Few professors in the university’s history, if any, can match Bill Mendenhall’s 50-year record in the classroom. Mendenhall began as an engineering instructor in 1955 and, while he officially retired in 1987, he continued to teach classes until 2005.
Throughout those years, he and his wife Nancy also served the university and Fairbanks communities in multiple roles.
Born in Indianapolis, Mendenhall first came to Alaska in 1948, the year before he earned a bachelor’s degree in civil engineering from Cornell University. In Fairbanks, he worked for Philleo Engineering Service, which did surveying and design work on many of the facilities built during Fairbanks’ post-World War II boom, including the airport, Dixon Apartments and the Polaris and Northward buildings.

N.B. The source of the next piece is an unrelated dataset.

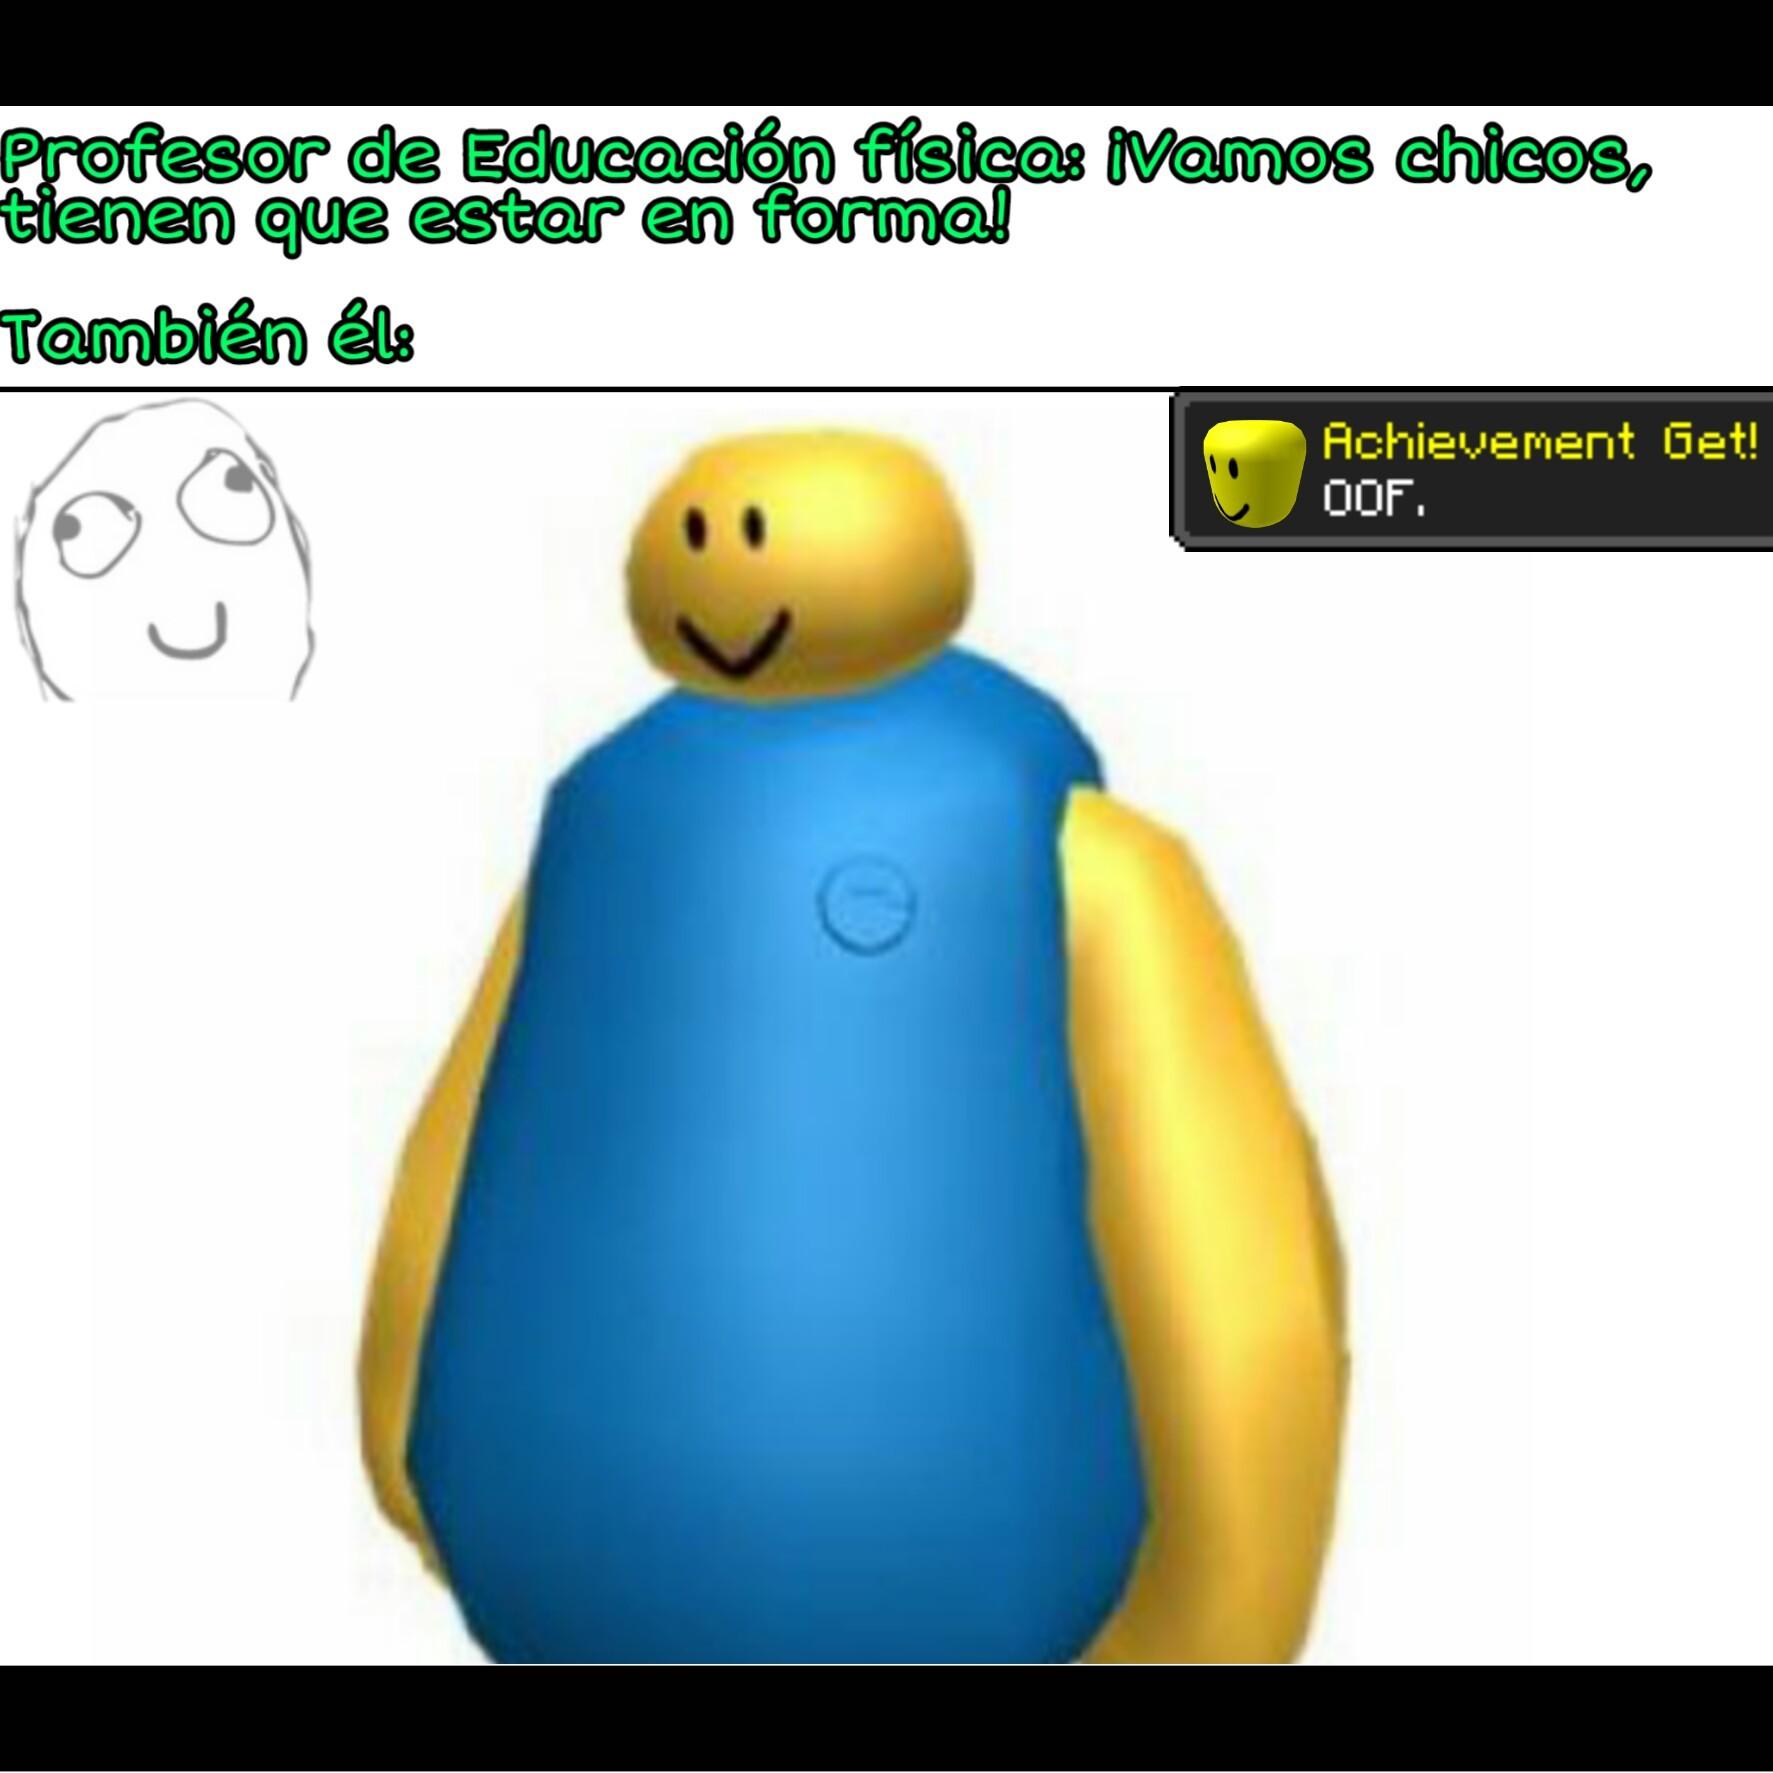 OOF gordo - meme

Bill married Nancy in 1954, the year after she graduated from UA. He joined the university the next year, while she went to work as an elementary school teacher. They raised three children, two of whom earned engineering degrees at UAF.
Mendenhall earned a master’s at Cornell in 1960. He specialized in surveying and, as a private pilot, conducted mapping flights across Alaska. He helped improve the accuracy of high-latitude maps and the use of photography in making them.
The Mendenhalls dove into public life in Fairbanks. Bill was a founding member of the Greater Fairbanks Community Hospital Foundation in the mid-1960s. As a board trustee, he helped guide the completion of the new hospital in 1972 and its expansion in the decades since. Nancy was elected to the Fairbanks North Star Borough Board of Education and served from 1963-1975. The couple established a travel endowment for students in the College of Engineering and Mines in 2014.
Nancy passed away in 2016. Bill remains active both on campus and in community organizations. He advises the campus chapter of Tau Beta Pi, the national engineering honor society, and he has served on the Fairbanks North Star Borough Platting Board since 2001.